Ночевала тучка золотая - Анатолий Приставкин
Шрифт:
Интервал:
Закладка:
Пока стояли, с интересом оглядывали дворик с глухим высоким забором, вдоль которого изнутри тянулся навес, под навесом кукурузная солома, хворост, какие-то железки, среди которых валялся позеленевший от времени медный кувшин с узким горлом. Кувшин стоило запомнить, хоть неизвестно пока зачем. Пол во дворике, братья такое видели впервые, был твердый, гладкий, мазанный желтой глиной. У входа в дом валялась полинявшая от времени козья шкура.
Хозяин высунул из дверей кудлатую голову, крикнул:
— Да заходь, чего стали-то?
Братья с оглядкой, гуськом, чтобы можно было драпануть в случае чего, прошли сумрачные узкие сенцы, где стояли медные и глиняные кувшины, и ступили на порог горницы. И здесь было белено, и стены, и потолок, как белят в России печки.
В углу, где должна быть икона, портрет товарища Калинина, «всесоюзного старосты». Посреди стол, грубый, ничем не покрытый, два табурета, койка. Под койкой домотканый коврик: по черному полю красные узоры. Больше ничего в комнате и не было. У входа прибита полка, а на ней немудреное хозяйство, сразу видать, — холостяка: чугунок, две железные миски, солдатский котелок, кружка, помятая с одного бока. На столе стоял жестяной, весь закопченный полуведерный чайник.
— Так и живу, — сказал проводник и снова усмехнулся. — Как говорят: живу хорошо, жду лучше! — И к ребятам, которые уселись на койке, на грязноватом сером одеяле, рядышком, плечом к плечу, — не только потому, что тесно, но и просигналить одним как бы случайным движением можно: — Соседушки, значит? Вот же как!
Братья кивнули.
— Я уж забыл, как вас там? Кличут-то?
Колька сказал:
— Я Сашка.
Сашка сказал:
— Я Колька.
Как будто их вранье имело сейчас значение. Скорей всего, дурачили по привычке.
— Ну, а я вот… Илья. Так и зовите.
Братья опять кивнули.
— А я ведь вспомнил, как вы бежали от этой дуры-то! Сам бегал… Ох, и побегал я, если бы знали. Но — посля расскажу. Я тут один живу. Бабы у меня нет. Вот картошку варю на улице, таганок сделал. Чай кипячу. Да смотрю, чтобы меня отсюда не шуганули к такой-то матери!

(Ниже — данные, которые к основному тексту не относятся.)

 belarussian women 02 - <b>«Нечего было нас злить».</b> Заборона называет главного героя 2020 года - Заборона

Колька сразу спросил, этот вопрос их интересовал:
— А что, дом разве не ваш?
Проводник натянуто засмеялся, усы зашевелились.

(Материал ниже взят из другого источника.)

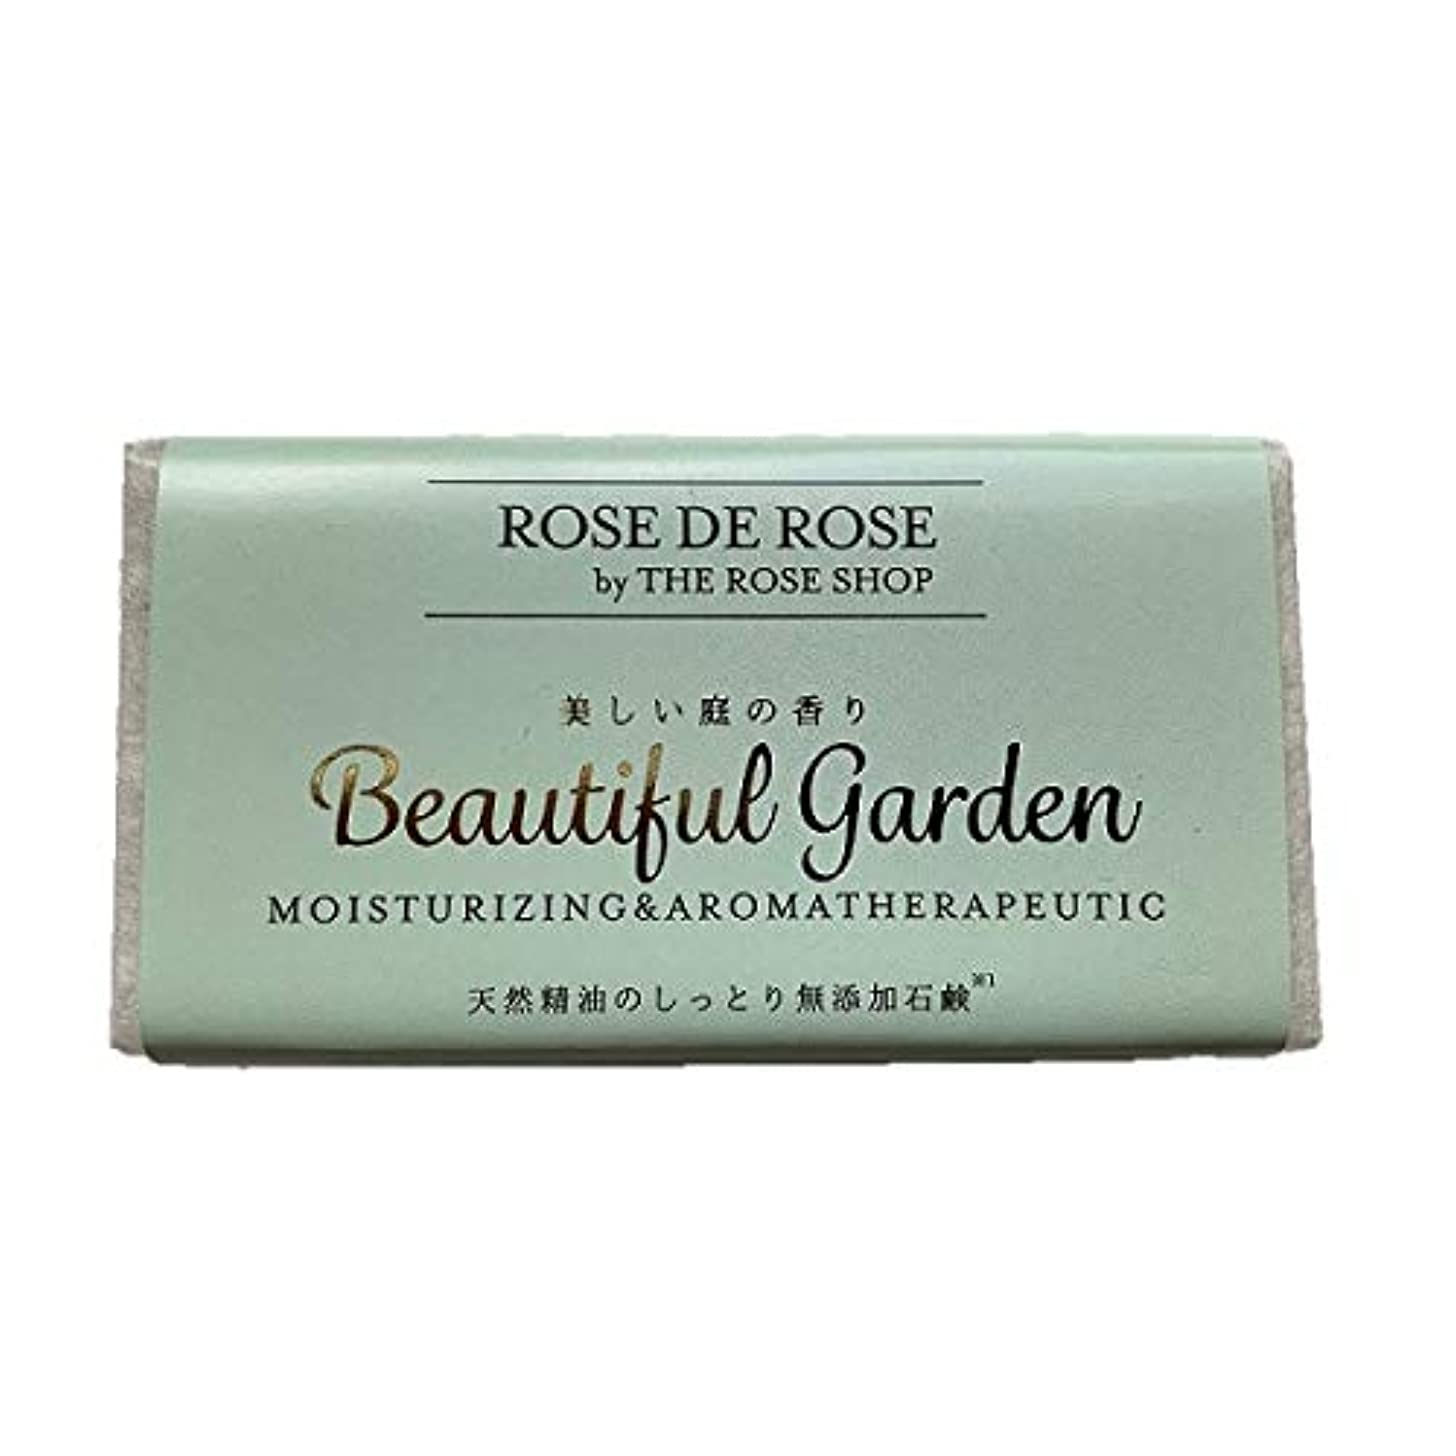 ナインへブルジョン食べる天然精油の無添加石鹸 「美しい庭の香り ビューティフルガーデン」3個セット

— Ха! Да мово тут… Даже вша, и то не наша! Станица-то знаете как прозывается?
— Ну, Березовская, — ответил Сашка.
— Березовская! Какая же она Березовская, если она Дей Чурт звалась, — заорал проводник. — Это теперь она Березовская. А могла стать Осиновская али Сосновская… Она на самом деле Дей Чурт. Вот так-то.

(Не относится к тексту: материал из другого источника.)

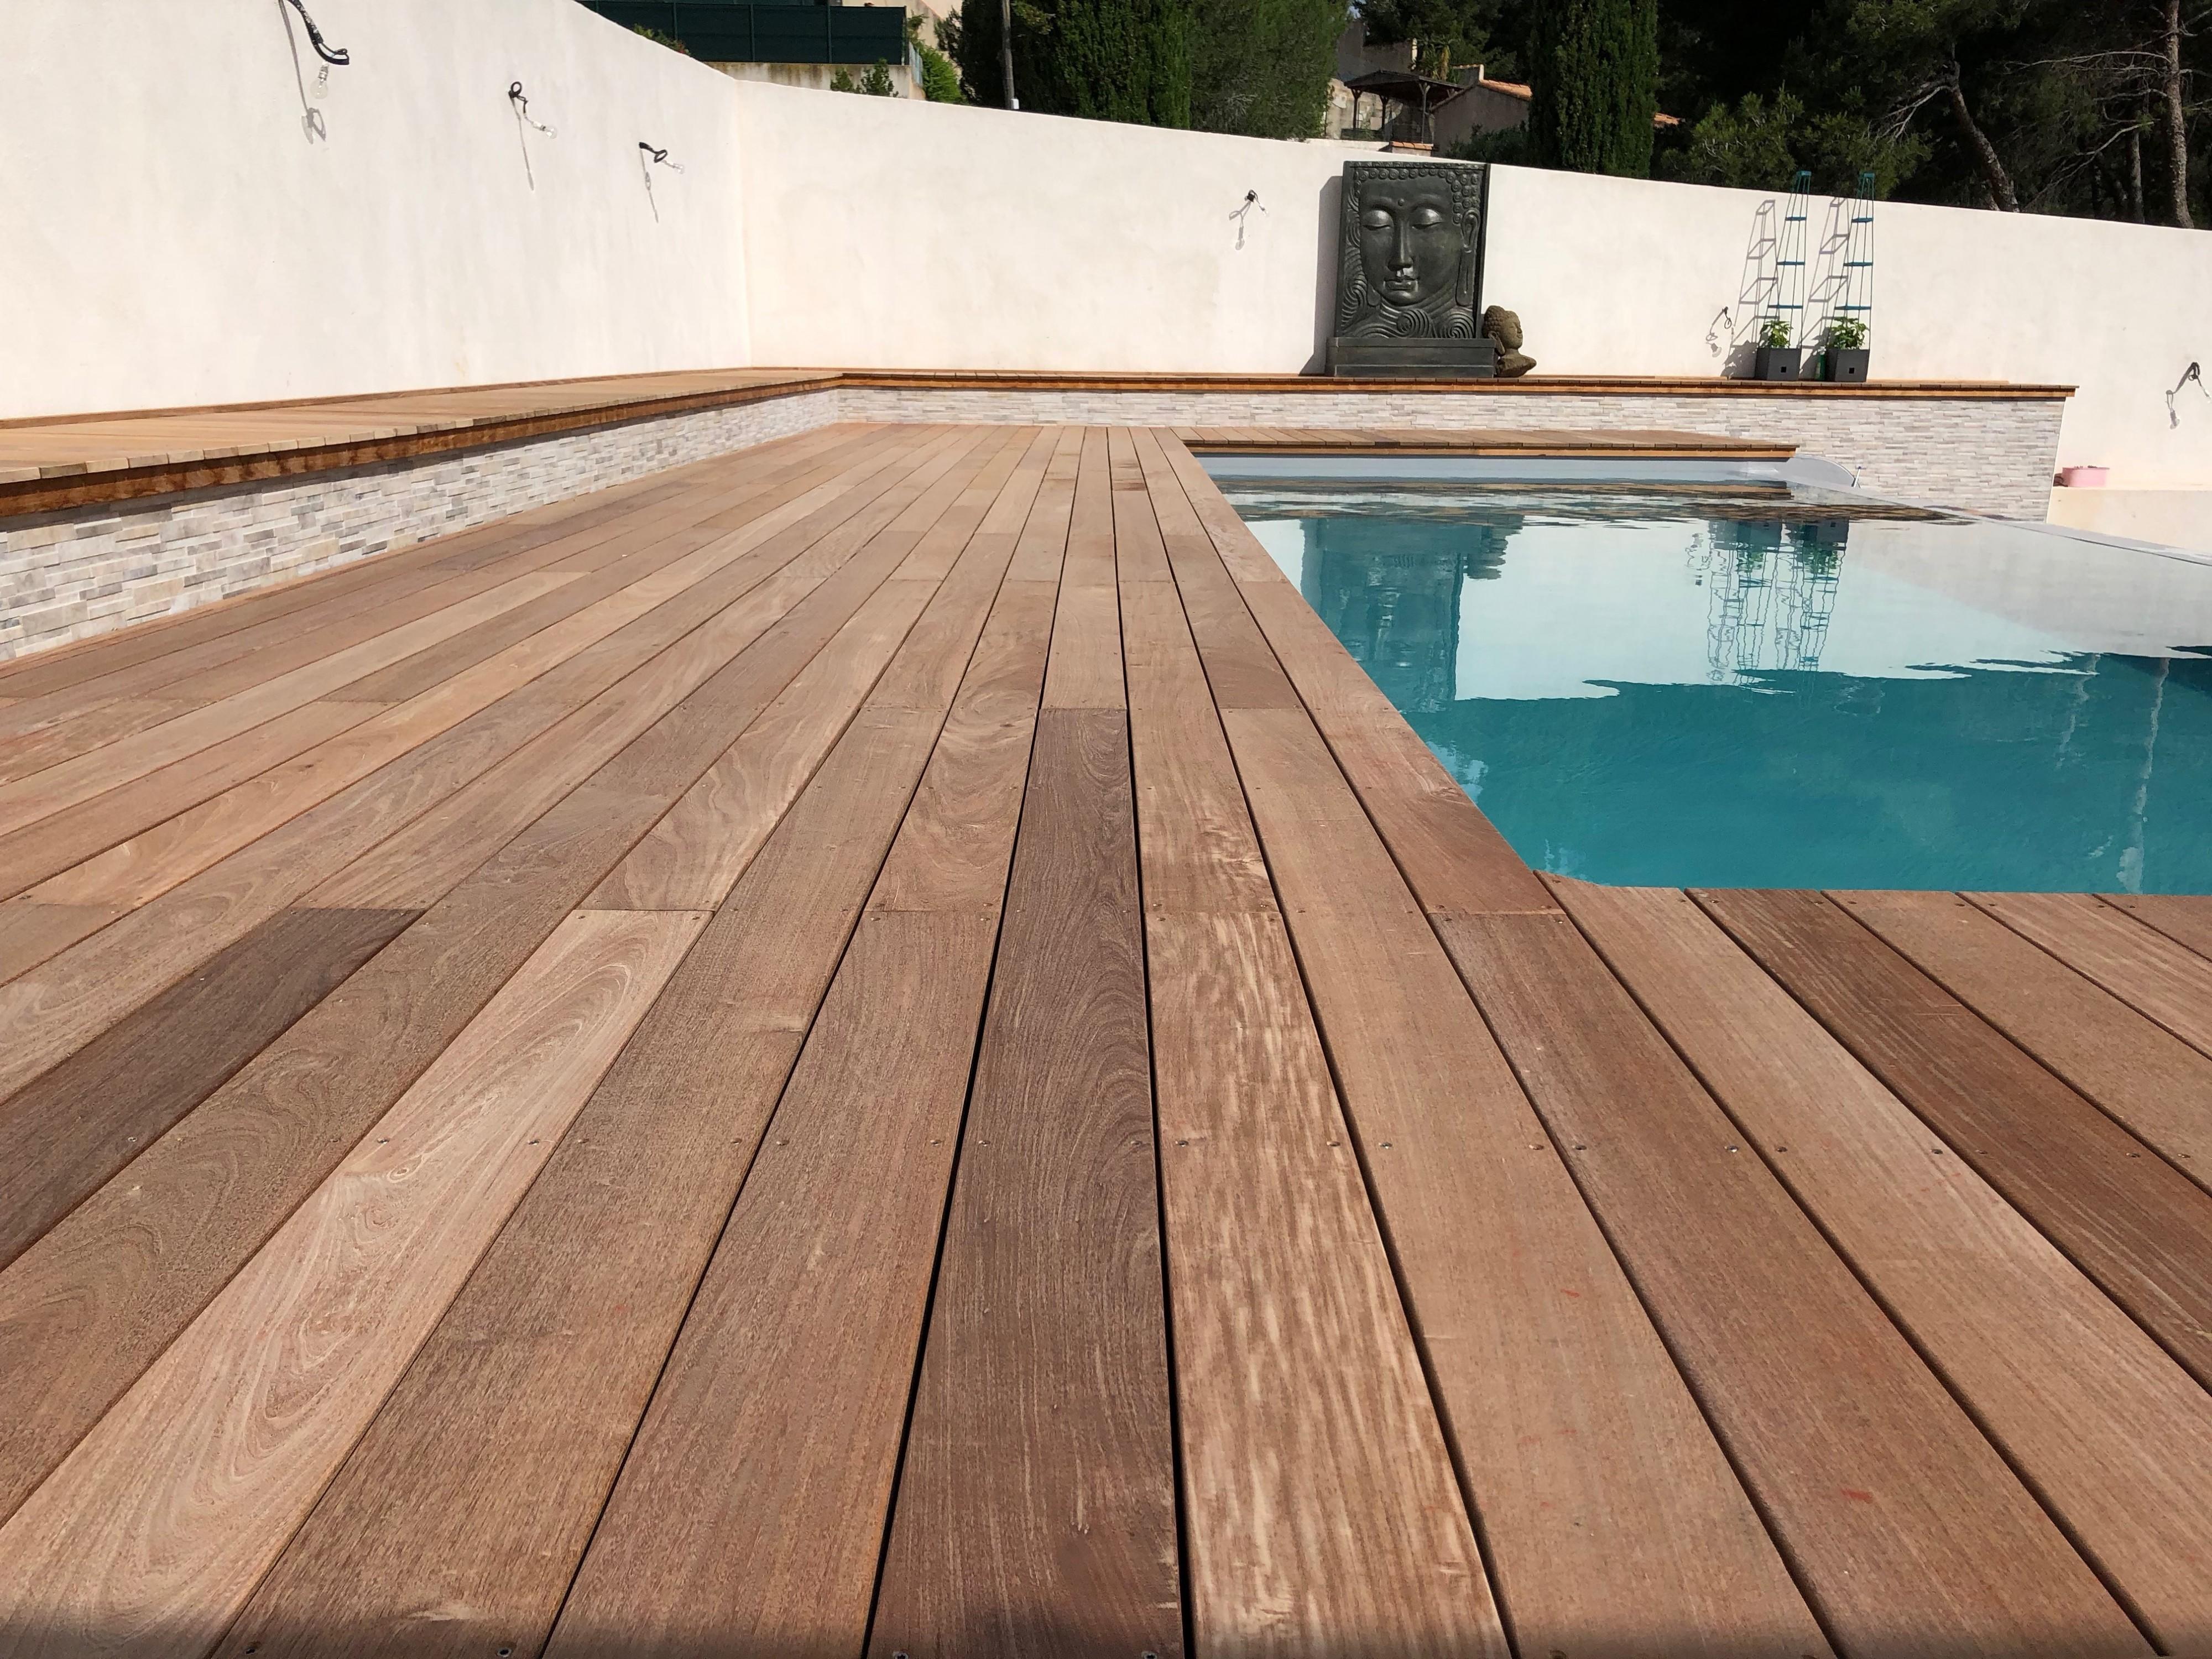 fabrication d 39 une terrasse en bois exotique type ip sur pilotis marseille am nagement de. Black Bedroom Furniture Sets. Home Design Ideas

И проводник Илья обвел глазами комнату, посчитав, что ребята поняли.
Но Кольке надо было знать все точно. Зачем бы они тогда шли сюда? И он спросил настырно:
— Ну, и что — дай черт? — нарочно переврал.
— Вот именно — черт… Гиблое место… А черти кругом!
Проводник Илья покачал головой, удивляясь такой несообразительности Сказал, наклоняясь и шепотом, будто были они не одни. Да вообще ребятам показалось, что он все время оглядывается.
— А вы чево сюда приехали-то, а? Ханурики? Тараканы городские?
— Нас везли, — сказал Колька.
— А куды везли-то? Куды?
— На Кавказ…
— Ха! Кавказ большой! — отмахнулся Илья. — Вас везли заселять тут землю. Понятно? Вот зачем… несчастные обормоты! Вы тут должны населением стать… И я, я — должен населением стать… И они тоже, жучки непоседливые… — И он указал в окошко, на белеющий за живой зеленой изгородью домик напротив.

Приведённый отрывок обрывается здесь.